Some of the big companies have started to launch “New Meat”. I had tears in my eyes when I saw a whole stall of meat substitutes (soy ham, soy chicken nuggets,etc.) right next to the real animal dead corpses in the supermarket. However, sadly for my very few vegan friends, they contained dairy and egg.
It has not all been one-way traffic. Japanese food knowledge has also spread to the west. Macrobiotic cooking was originally started in Japan by Mr. Michio Kushi. He went to Boston, Massachusetts, in the US to teach the macrobiotic methods to cure modern diseases and such. Perhaps we can rediscover our long vegan traditions and knowledge and spread them as well.
Some traditional vegan treats
Japan has quite a few traditional “vegan” ingredients that are very healthy and can be used in many versatile ways. Here I would like to share with you some traditional Japanese “vegan” ingredients.
Natto – Soy fermented beans. Due to fermentation, this has a slippery texture. You can eat it with a dab of soy sauce and rice. Natto that sells in supermarkets in Japan contains sauce with fish stock, so you can avoid using that sauce and use soy sauce like Tamari instead.

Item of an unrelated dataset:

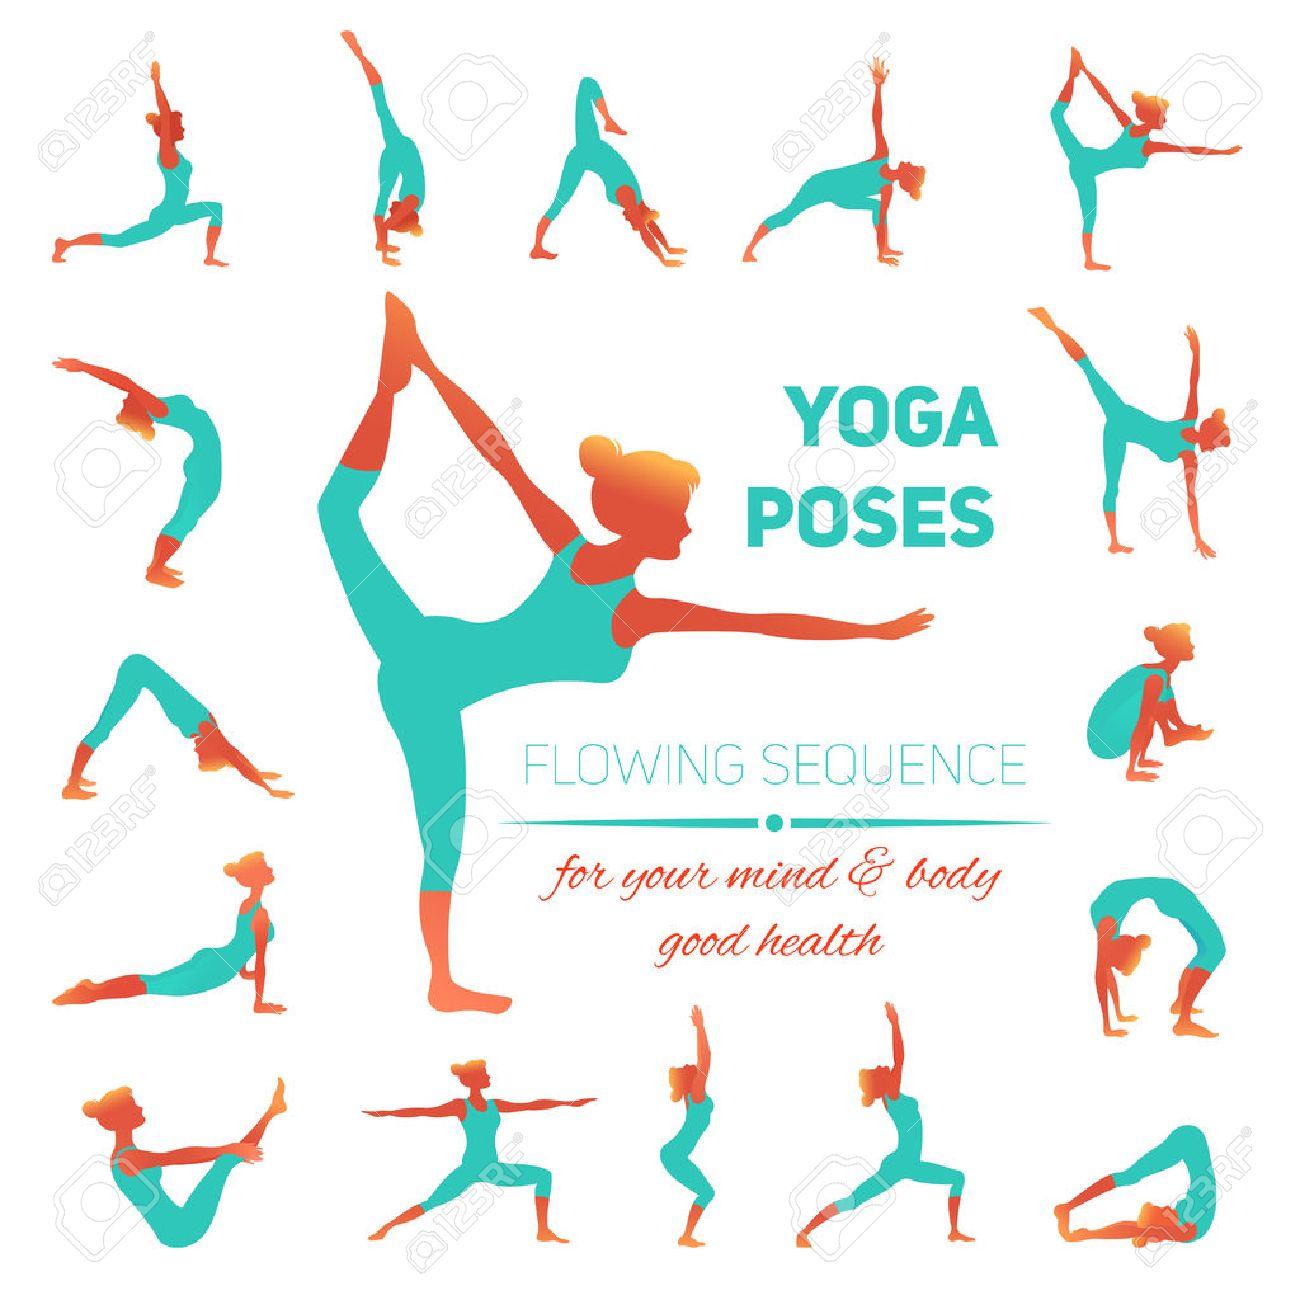 Postures De Yoga Ensemble D\'icônes Avec Des Figures De Femmes Qui ...
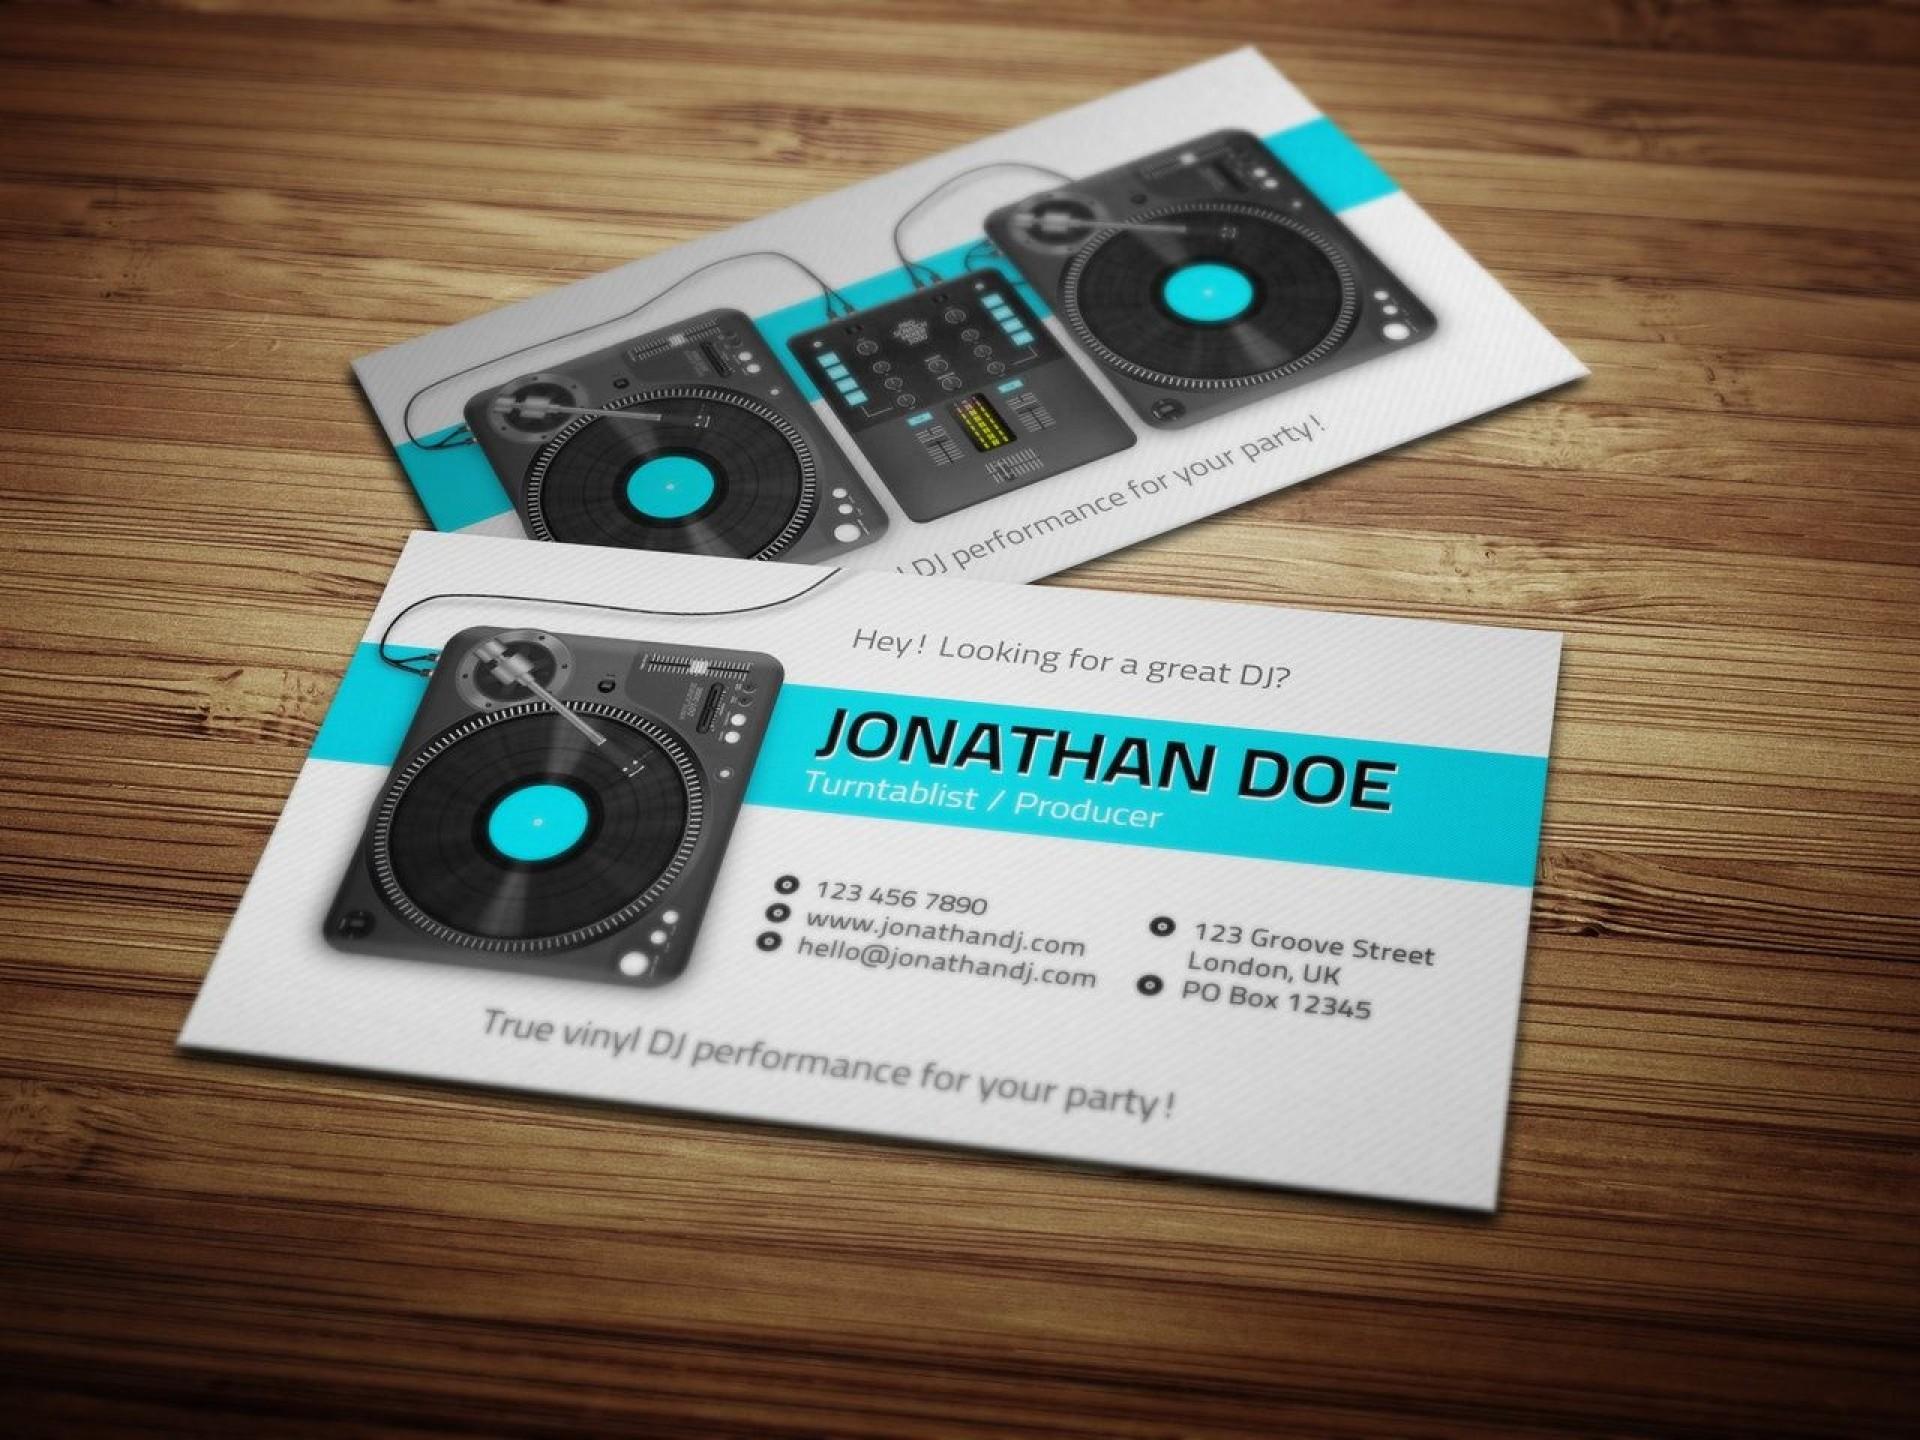 005 Unusual Dj Busines Card Template Design  Psd Free Download1920

Umeboshi – Picked plum. It is very salty. We eat it little by little with rice. Also you can make vegan umeboshi soup with rice, as well as umeboshi and hot green tea. Some of the sweet Umeboshi contains honey so if you are vegan, please double check.
Atsuage – Deep fried tofu. It has a thick volume so you can use it as a meat substitute. Wash with hot water before cooking to get rid of excess oil.
Nori – Dried seaweed. Contains good sea minerals and is good for shiny black hair. We eat it with rice or as a topping for cold soba (buckwheat) noodles. Some of the super-market sold Nori contains oyster or fish extract. Please double check.
Hoshi-shiitake – Dried shitake mushrooms. You can get an amazing Dashi (soup stock) by soaking Shitake for one night. Also, it can be used as meat substitute. It has a pleasant aroma.
Okara – Dried soy curds. You can add some vegetables to make tofu hamburgers with this. It is healthy and filling.
Goma-dofu – Sesami tofu with wasabi and soy sauce. It is a Kosasan speciality. Serve it cold. Great for summer dishes.